IRHCs were exposed to the vehicle (DMSO; control group) or E217G (12.5-800 μM) for 20 minutes. To evaluate the role of PI3K in the effect of E217G, IRHCs were preincubated with the PI3K inhibitor WM (100 nM) or LY294002 (50 μM) for 15 minutes, and this was followed by the addition of E217G for another 20-minute period. Akt participation was confirmed by the administration of the Akt inhibitor (Calbiochem 124005; 20 μM) with a similar protocol. Studies of PI3K and cPKC coinhibition were also carried out by the coadministration of the cPKC inhibitor Gö6976 (1 μM) together with WM (100 nM) for 15 minutes before exposure to E217G (400 μM) for another 20-minute period. To ascertain the role of microtubules in the protective effect of WM, IRHCs were pretreated with the microtubule-disrupting agent colchicine (1 μM) for 30 minutes and then exposed to E217G (400 μM) for another 20-minute period with or without a 15-minute WM pretreatment.
Function and Localization of Bsep and Mrp2 in IRHCs
The functional changes in Bsep and Mrp2 exposed to E217G (12.5-800 μM for 20 minutes) were evaluated through the assessment of the canalicular vacuolar accumulation (cVA) of CLF, a fluorescent Bsep substrate, or glutathione methylfluorescein (GS-MF), a fluorescent Mrp2 substrate derived from CMFDA (CMFDA is taken up by passive diffusion and converted into GS-MF by intracellular esterases and glutathione S-transferases).15 cVA was assessed by the determination of the proportion of IRHCs (>100 per preparation) capable of accumulating in their canalicular vacuoles the fluorescent compounds, as described elsewhere.11
For the assessment of the intracellular localization of Bsep and Mrp2, cells fixed with 4% paraformaldehyde in phosphate-buffered saline were incubated with the specific antibodies to Bsep or Mrp2 (1:200) for 2 hours, and this was followed by incubation with cyanine 2–conjugated donkey anti-IgG (1:100) for 40 minutes.

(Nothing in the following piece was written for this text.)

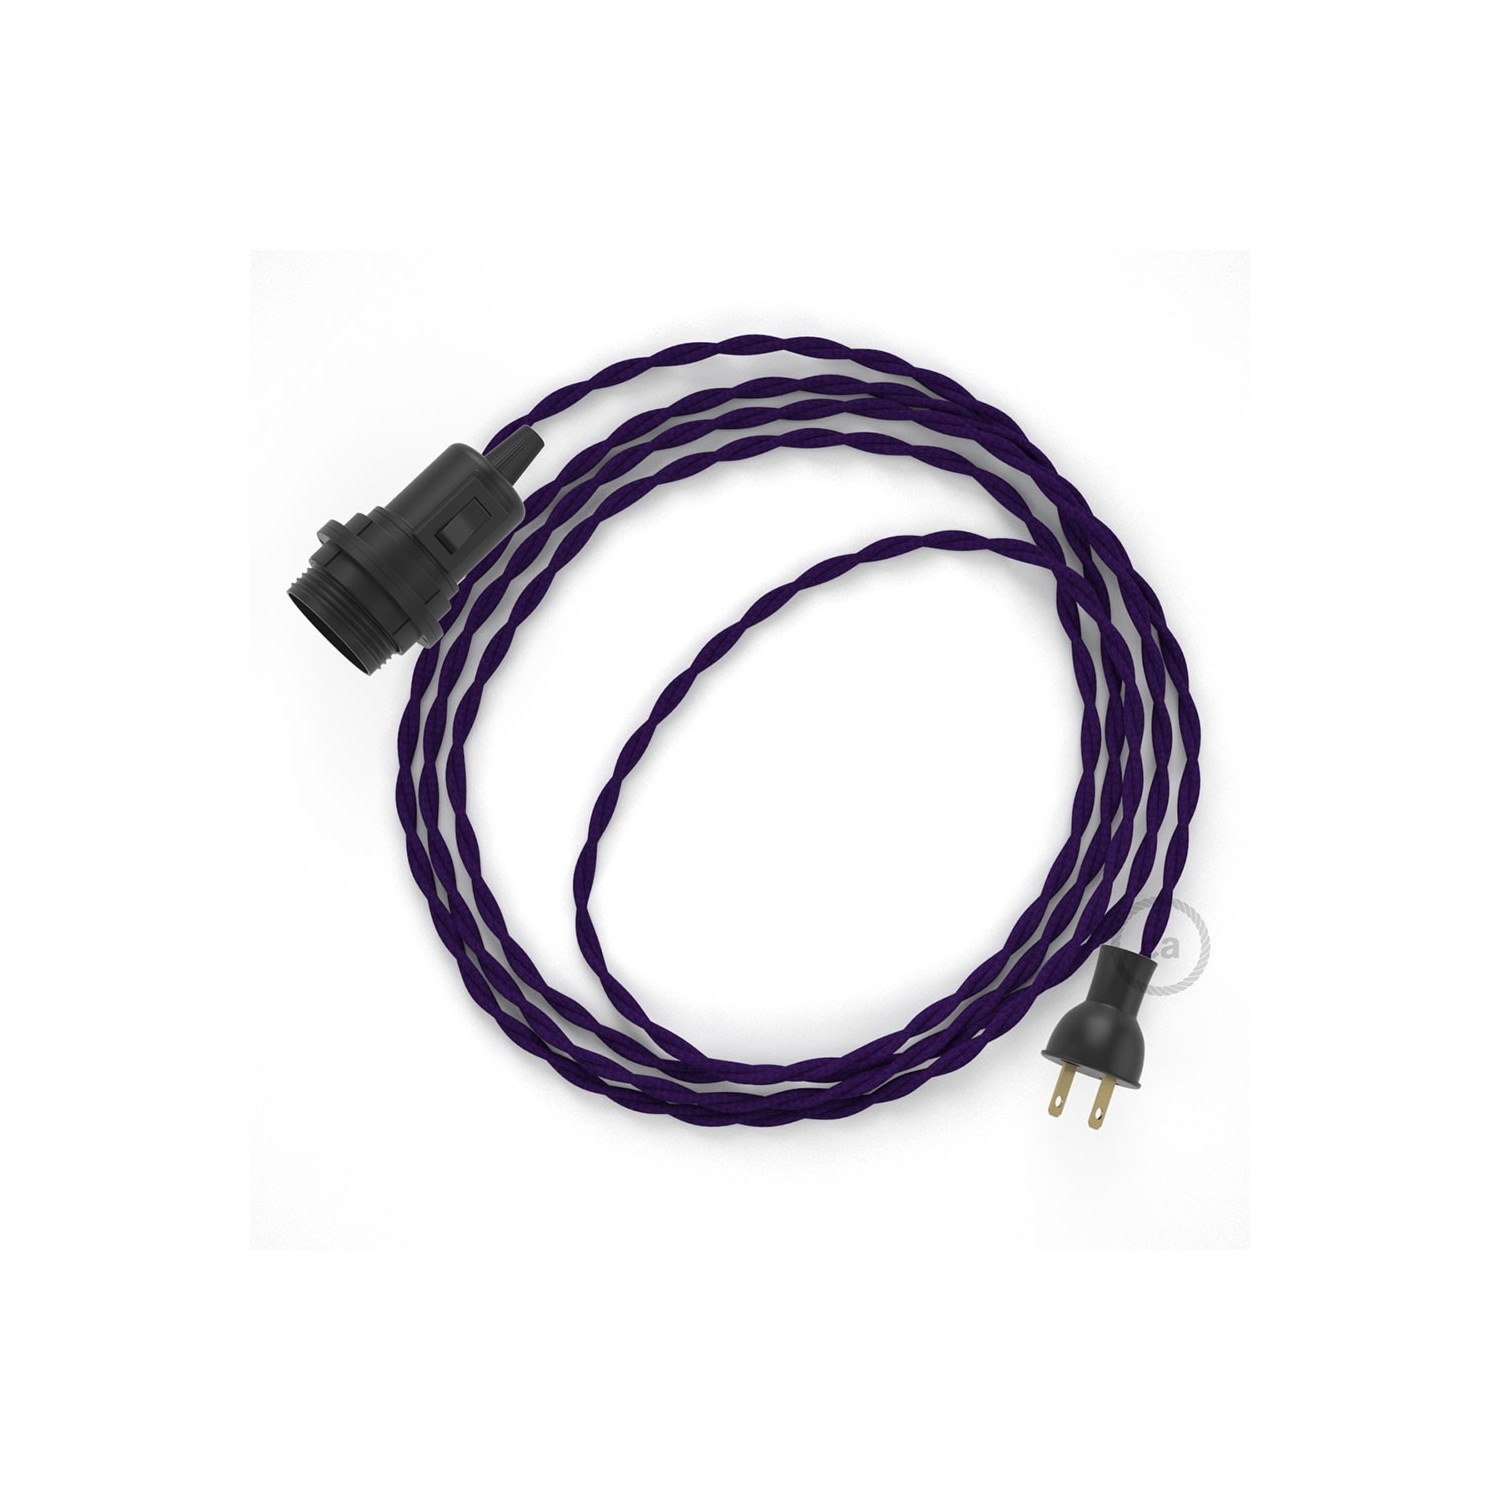 Crea tu Snake para pantalla con cable de Rayón Púrpura TM14, socket y enchufe, y trae la luz donde tu quieras.

The densitometric analysis of images taken with a confocal microscope (Zeiss Pascal LSM 5, Carl Zeiss, Walldorf, Germany) was performed along a line perpendicular to the canalicular vacuole with ImageJ 1.34m, as described elsewhere.11 We identified the canalicular space on Bsep/Mrp2-labeled IRHCs by superposing each fluorescent image with its respective differential interface contrast (DIC) image.4
Western Blot Analysis of Akt Phosphorylation
The activation of PI3K was confirmed by an evaluation of the phosphorylation status of Akt, a final PI3K effector, via western blotting of the phosphorylated and nonphosphorylated forms of the protein in hepatocyte primary cultures. Briefly, isolated hepatocytes were obtained by collagenase perfusion, as previously described,16 and cultured in 3-cm Petri dishes at a density of 2 × 106 cells/mL. After a 5-hour culture period, cells were exposed to E217G (400 μM) for 10 to 60 minutes, then washed with cold phosphate-buffered saline, and finally resuspended in a cellular lysis buffer containing protease inhibitors (25 μg/mL leupeptin and 0.1 mM PMSF). Aliquots containing an equivalent total protein content, as determined by the Lowry procedure with BSA as the standard,17 were subjected to sodium dodecyl sulfate/12% polyacrylamide gel electrophoresis. Separated proteins were electrotransferred to Immobilon-P membranes and probed with an anti-pAkt antibody (1:2000) overnight. The membranes were then stripped and reprobed with an anti–total Akt antibody (1:1000). After the use of a donkey anti-rabbit IgG secondary antibody (1:5000), a chemiluminescence reagent, and Hyperfilm ECL, pAkt and total Akt bands were quantified by densitometry with ImageJ 1.34m.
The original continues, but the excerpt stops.